Having said that the zarr v3 writer was just an experiment based on Joe's proposed json chunk manifest format in zarr-developers/zarr-specs#287. I think icechunk completely supercedes this existing virtualize.to_zarr writer.

No-one should be using that code right now because there is no way to read data via references that were written that way (see https://virtualizarr.readthedocs.io/en/latest/usage.html#writing-as-zarr), so there are no real backwards-compatibility concerns. (Technically someone like Raphael might be using this as a serialization format for virtual references, but we shouldn't worry about that.)

So for the API going forward, we could just remove .virtualize.to_zarr in favour of a public .virtualize.to_icechunk API. Or we could repurpose .to_zarr to use dataset_to_icechunk internally.
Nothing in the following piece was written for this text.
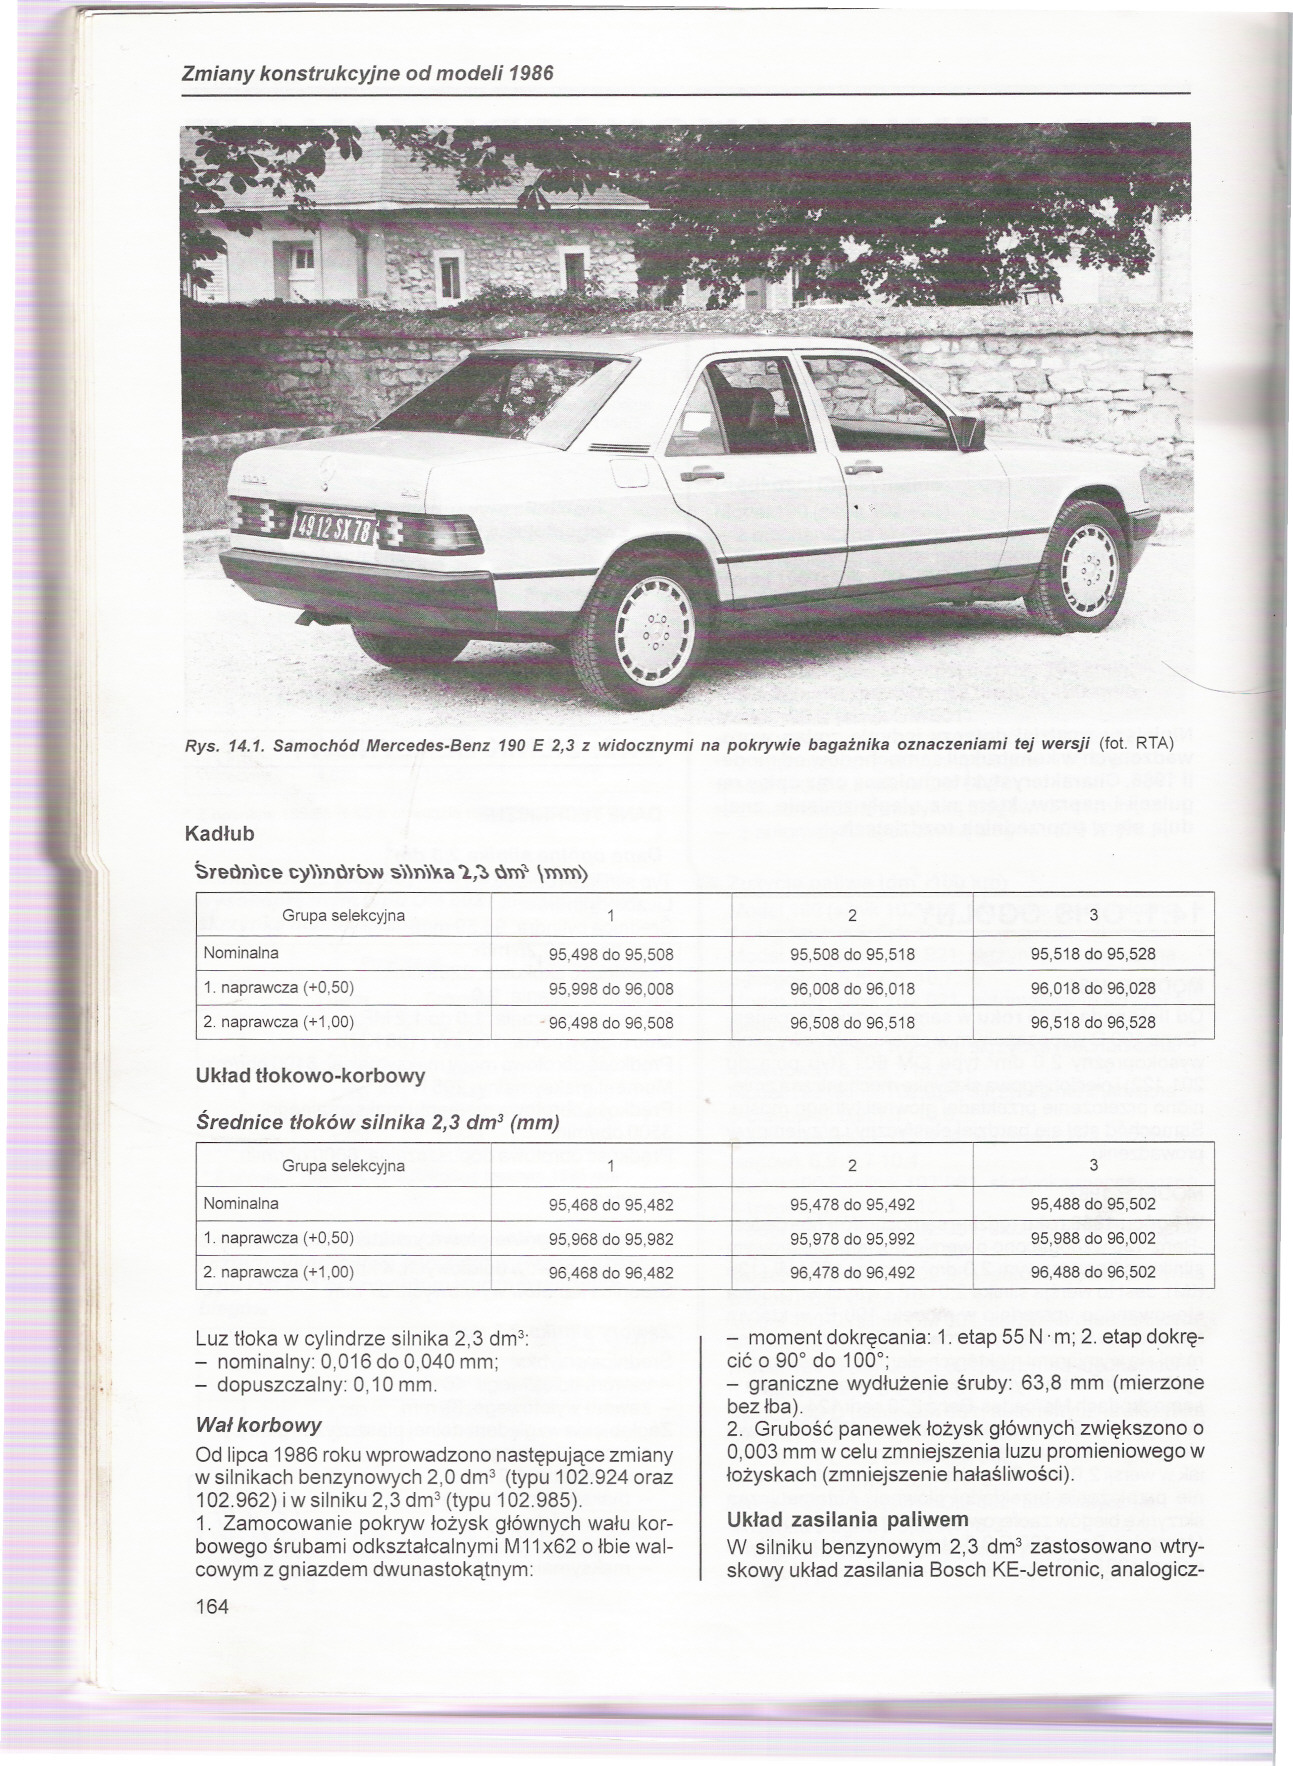 Zmiany konstrukcyjne od modeli 1986 Rys 141 Samochód Mercedes-Benz 190 E 2,3 z widocznymi na pokrywie bagaznika oznaczeniami tej wersji (fot RTA) Kadlub ~Teon)ce cy)notowsnr",1,1>um>mm) Grupa
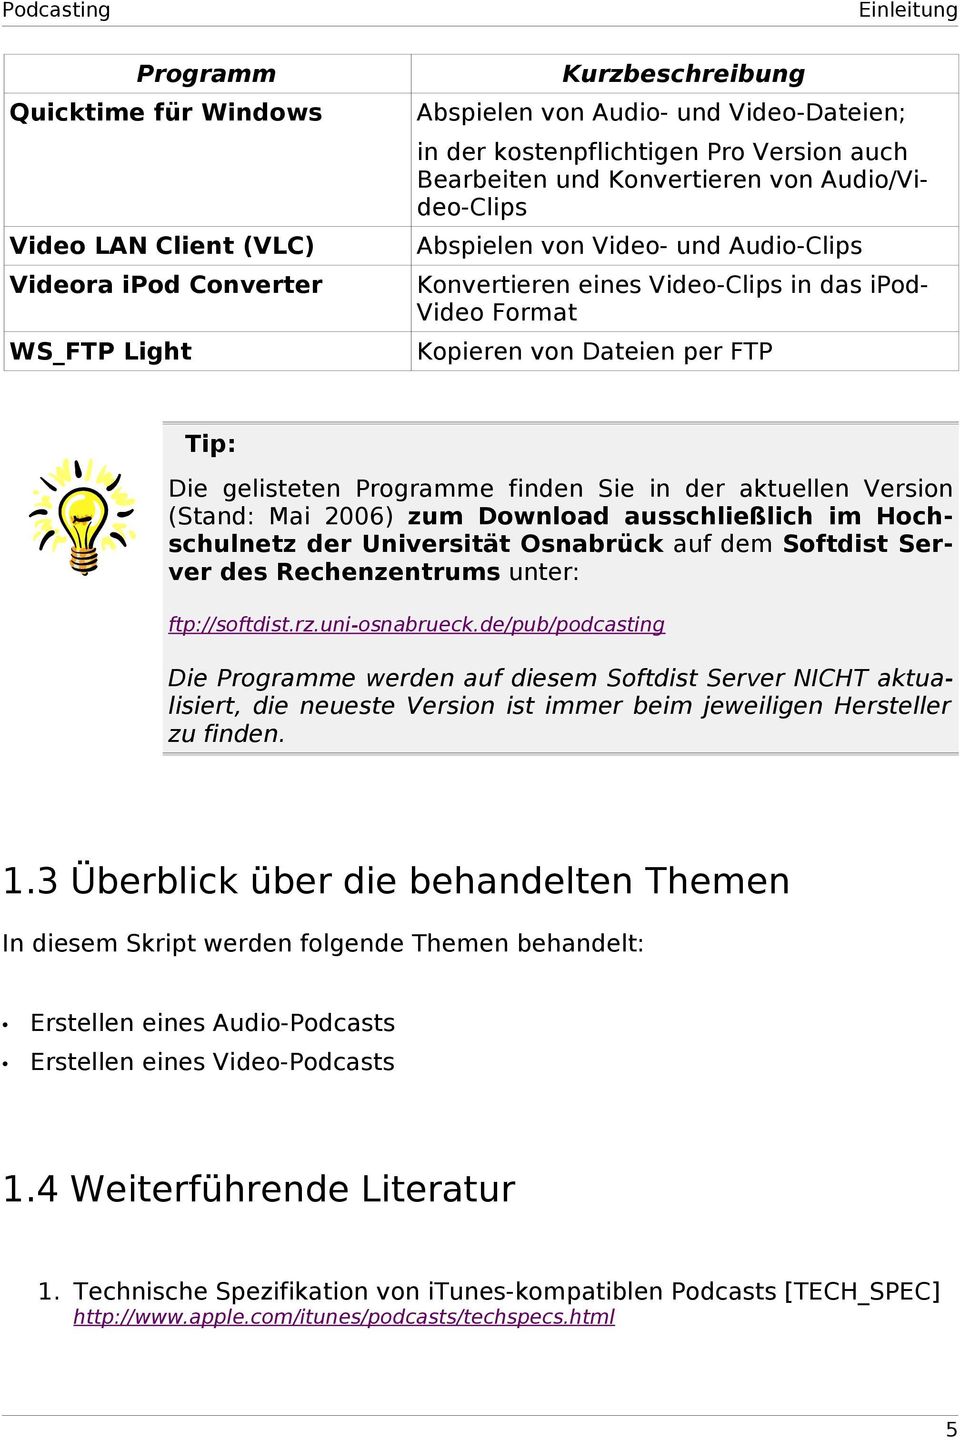 Programme finden Sie in der aktuellen Version (Stand: Mai 2006) zum Download ausschließlich im Hochschulnetz der Universität Osnabrück auf dem Softdist Server des Rechenzentrums unter: ftp://softdist.

I prefer the latter, for the following reason:

How much should be shared

I think therefore the real question here is how much should be shared between ds.virtualizarr.to_zarr and xarray's ds.to_zarr? For a dataset containing only "loadable variables" being written to an icechunk store, these are exactly the same thing. It's only for virtual variables that they are different. See also earth-mover/icechunk#104 (comment)

mpiannucci · 2024-10-02T18:46:26Z

Great answer, thanks thats super helpful to read.

I think therefore the real question here is how much should be shared between ds.virtualizarr.to_zarr and xarray's ds.to_zarr? For a dataset containing only "loadable variables" being written to an icechunk store, these are exactly the same thing. It's only for virtual variables that they are different

This is exactly what i had in mind while filling out the metadata for the virtual icechunk variables

TomNicholas · 2024-10-02T18:58:03Z

This is exactly what i had in mind while filling out the metadata for the virtual icechunk variables

Yeah, it's frustrating that we can't test with xarray yet, because that would make this correspondence a lot clearer.

TomNicholas · 2024-10-02T19:00:40Z

Also we could literally import some of the internals of xarray's to_zarr backend here... We already import some other semi-private xarray internals, and there is an eventual path to doing this using only public xarray functions (which would be for xarray's backend entrypoint system to support configurable writers).

mpiannucci · 2024-10-03T13:21:02Z

Also we could literally import some of the internals of xarray's to_zarr backend here

I think I am going to take a stab at doing this with tom a's branch: pydata/xarray#9552 . It should be as simple is as reusing the encoding logic and then calling set virtual ref

Matt/icechunk encoding

TomNicholas · 2024-10-12T21:51:53Z

@mpiannucci the example in earth-mover/icechunk#197 is awesome!

I'm wondering how to "bank" the progress here and split off future work. We don't need to make loadable variables work in this PR, which allows us to punt on this Q

I think therefore the real question here is how much should be shared between ds.virtualizarr.to_zarr and xarray's ds.to_zarr?

We do want to have virtualizarr work with zarr v3 in general, but our tests can't pass (in their current form) without either kerchunk working with zarr v3 or maybe a non-kerchunk way to generate references (zarr-developers/VirtualiZarr#87).

mpiannucci · 2024-10-14T15:30:49Z

I'm wondering how to "bank" the progress here and split off future work

Ok I have been thinking a lot about this. I think the easiest way for us to talk through this is to list out what depends on what:

Virtualizarr needs kerchunk to create manifest arrays from existsing data
Kerchunk currently only fully works with zarr python 2. My v3 branch works with hdf files only currently.
With this PR VirtualiZarr can write references to icechunk, succesfully. The one caveat is that numcodecs that v2 expects are not yet supported on the main branches, and need a special numcodecs branch installed, which is subject to change.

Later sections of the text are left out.